**Exercise requirements**
Pictures are to be omitted; everything else in the data must be transcribed exactly.

**Information supplied**
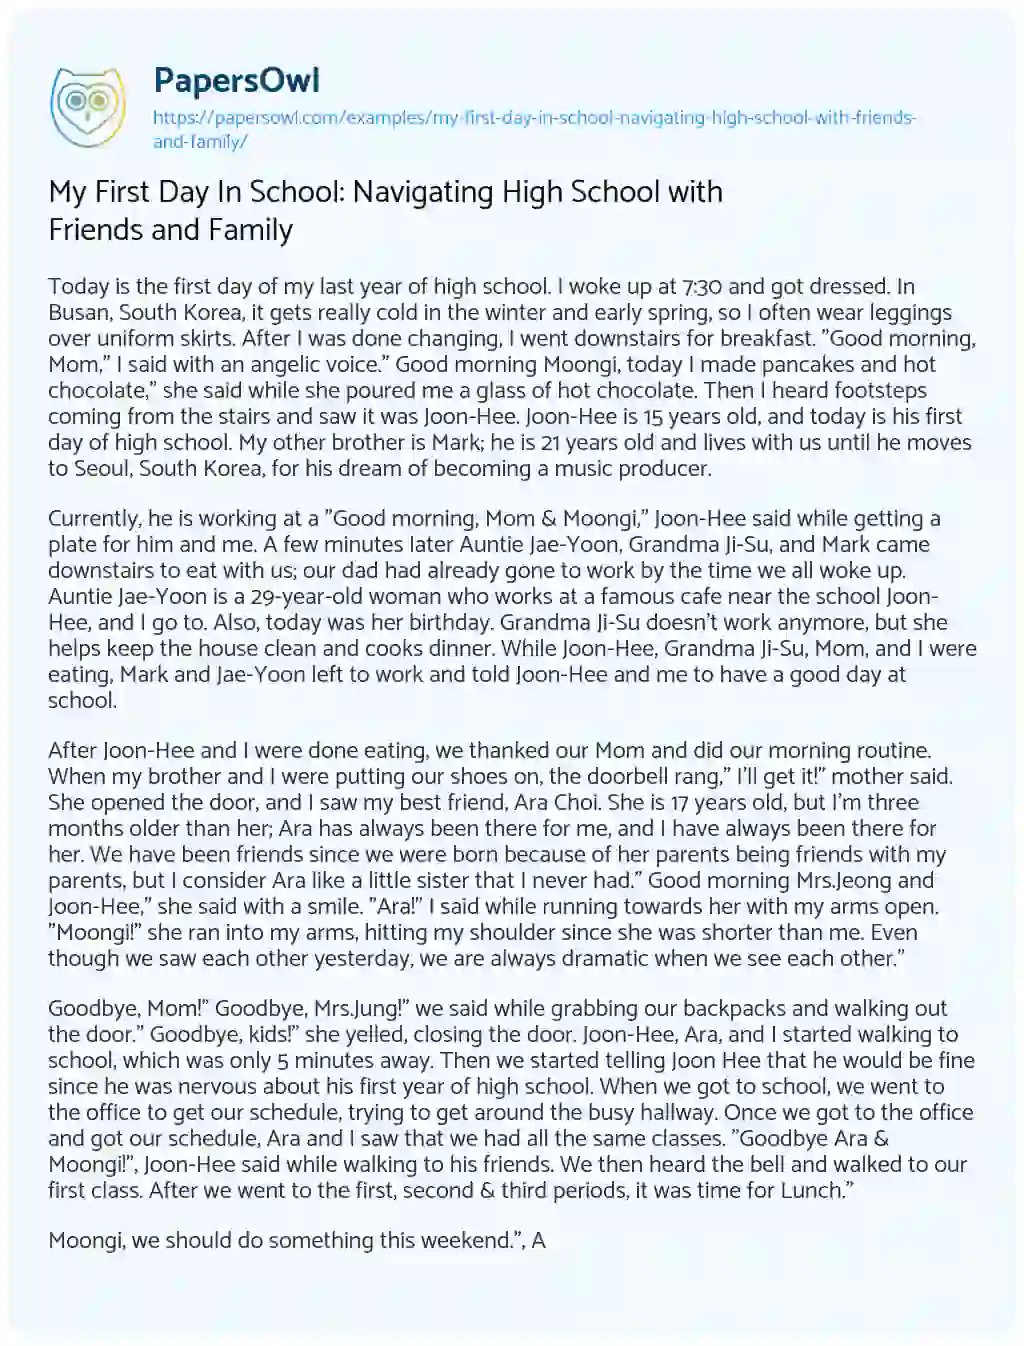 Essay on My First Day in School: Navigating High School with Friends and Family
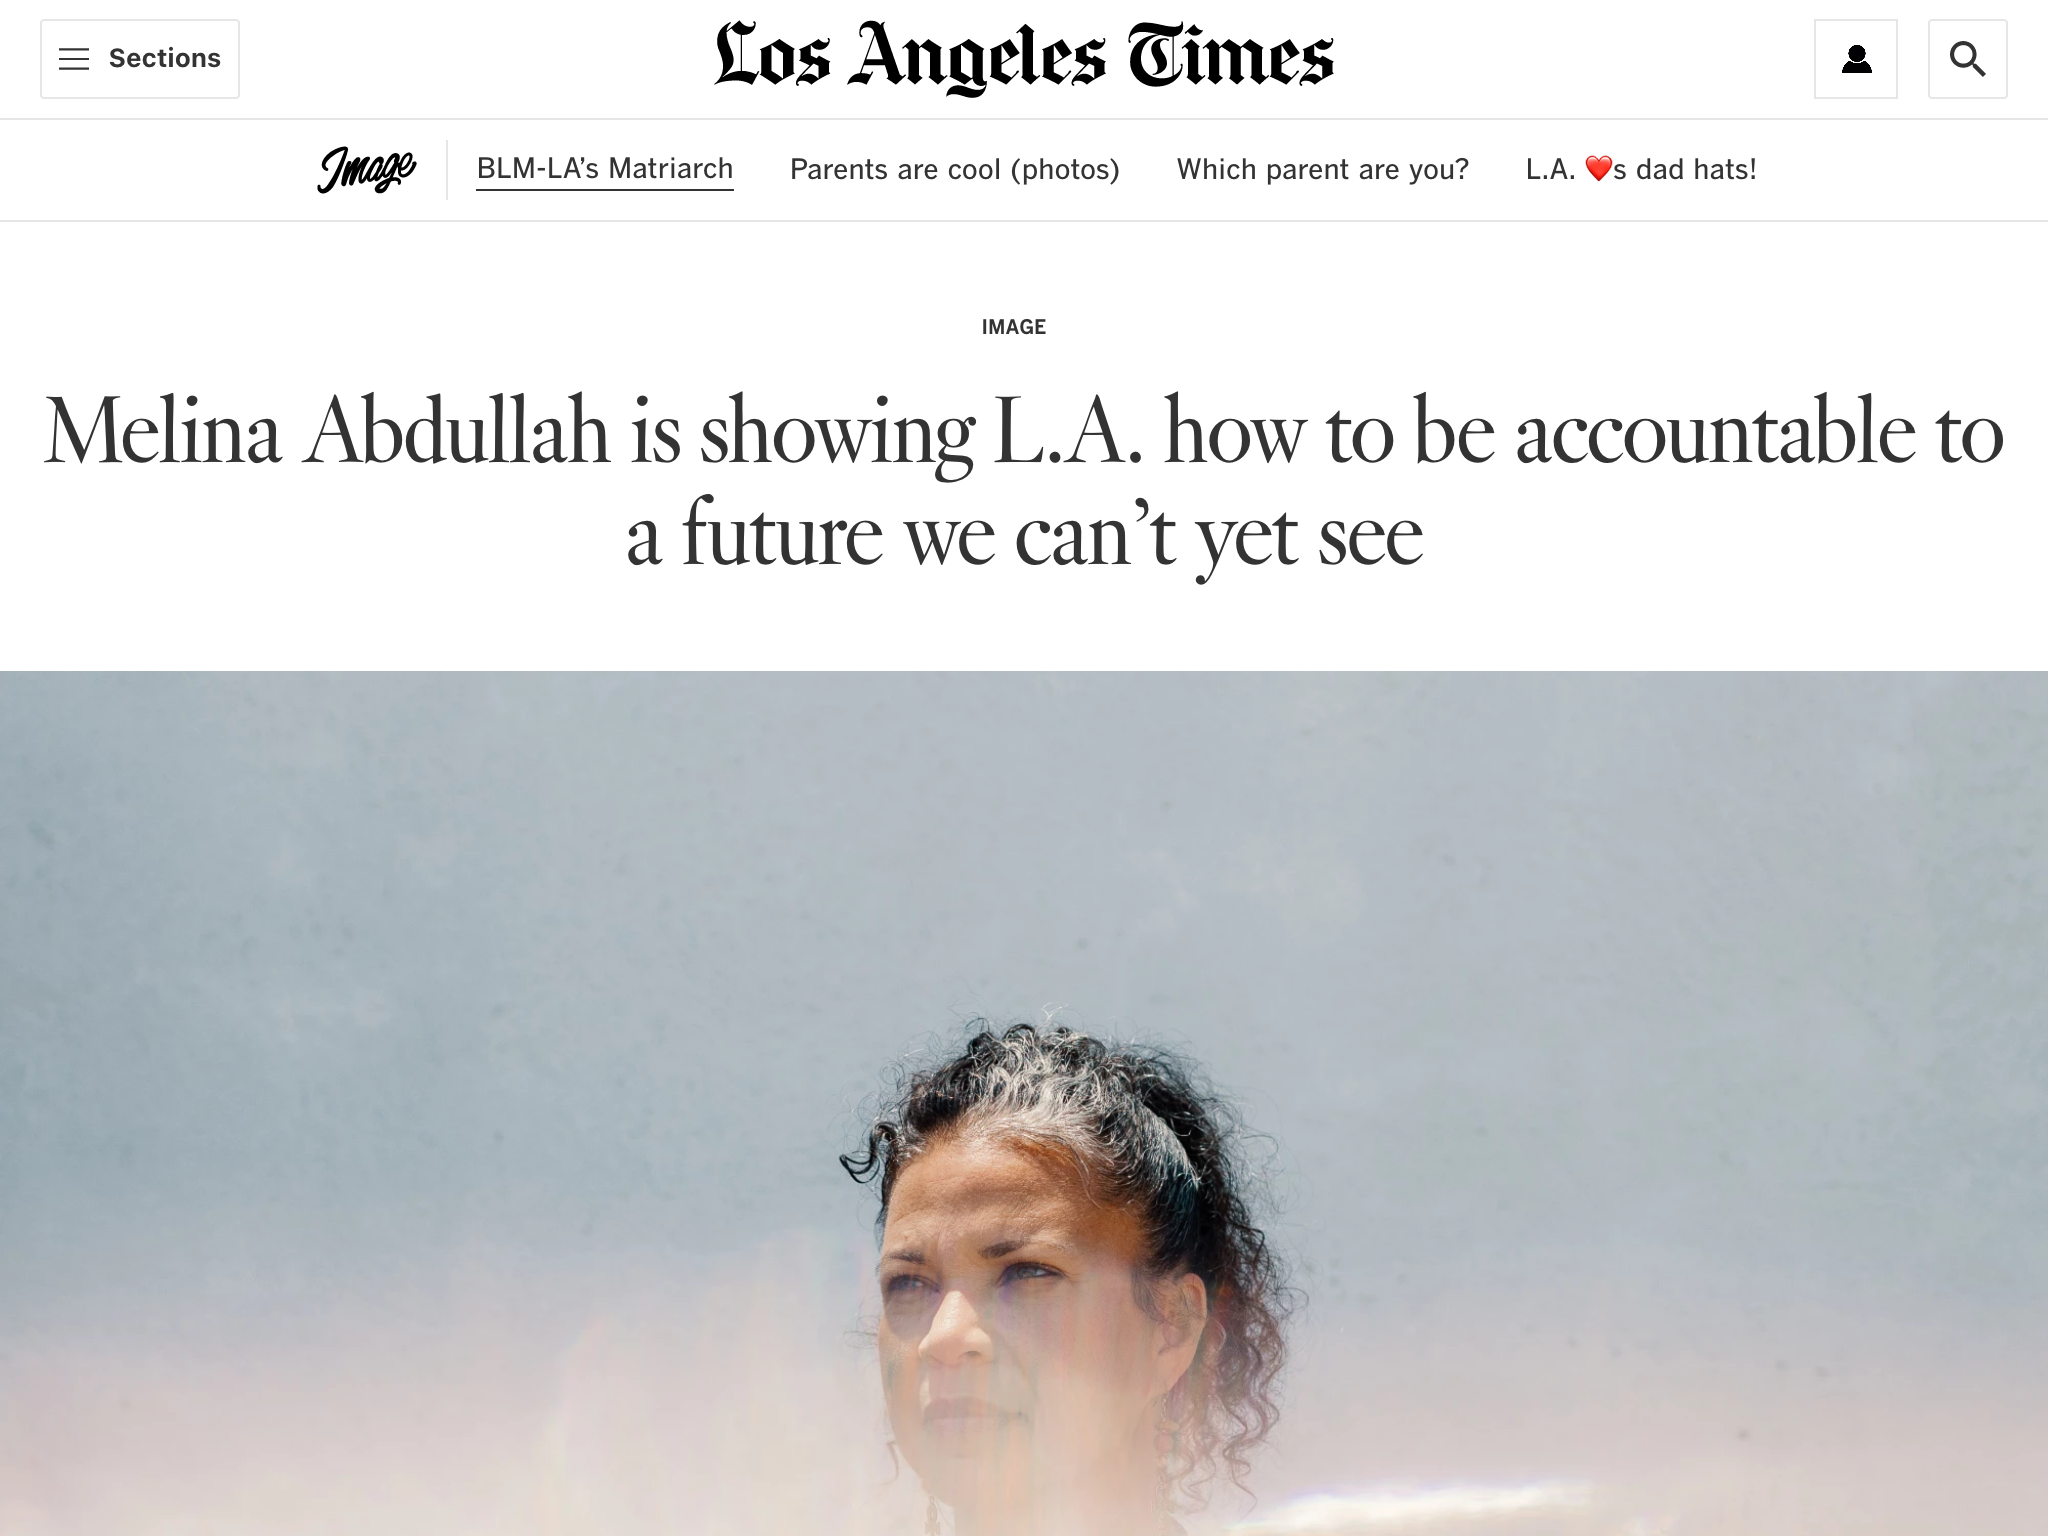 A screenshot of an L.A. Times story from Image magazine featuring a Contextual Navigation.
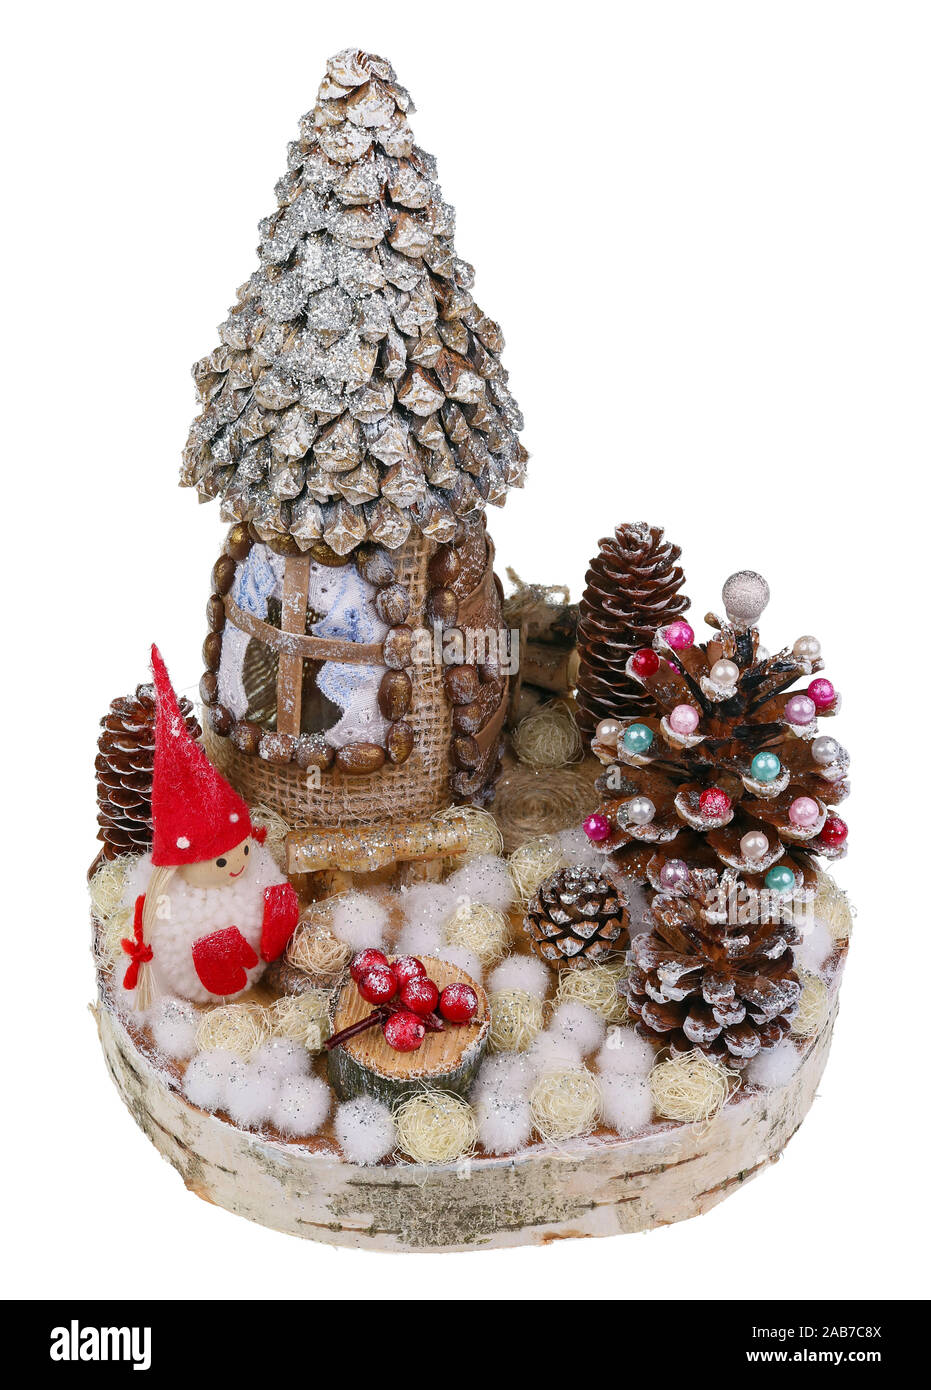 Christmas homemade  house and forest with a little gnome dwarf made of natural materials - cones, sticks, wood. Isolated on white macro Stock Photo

**Output for this task**
 Essay on My First Day in School: Navigating High School with Friends and Family
 A screenshot of an L.A. Times story from Image magazine featuring a Contextual Navigation.
 Christmas homemade  house and forest with a little gnome dwarf made of natural materials - cones, sticks, wood. Isolated on white macro Stock Photo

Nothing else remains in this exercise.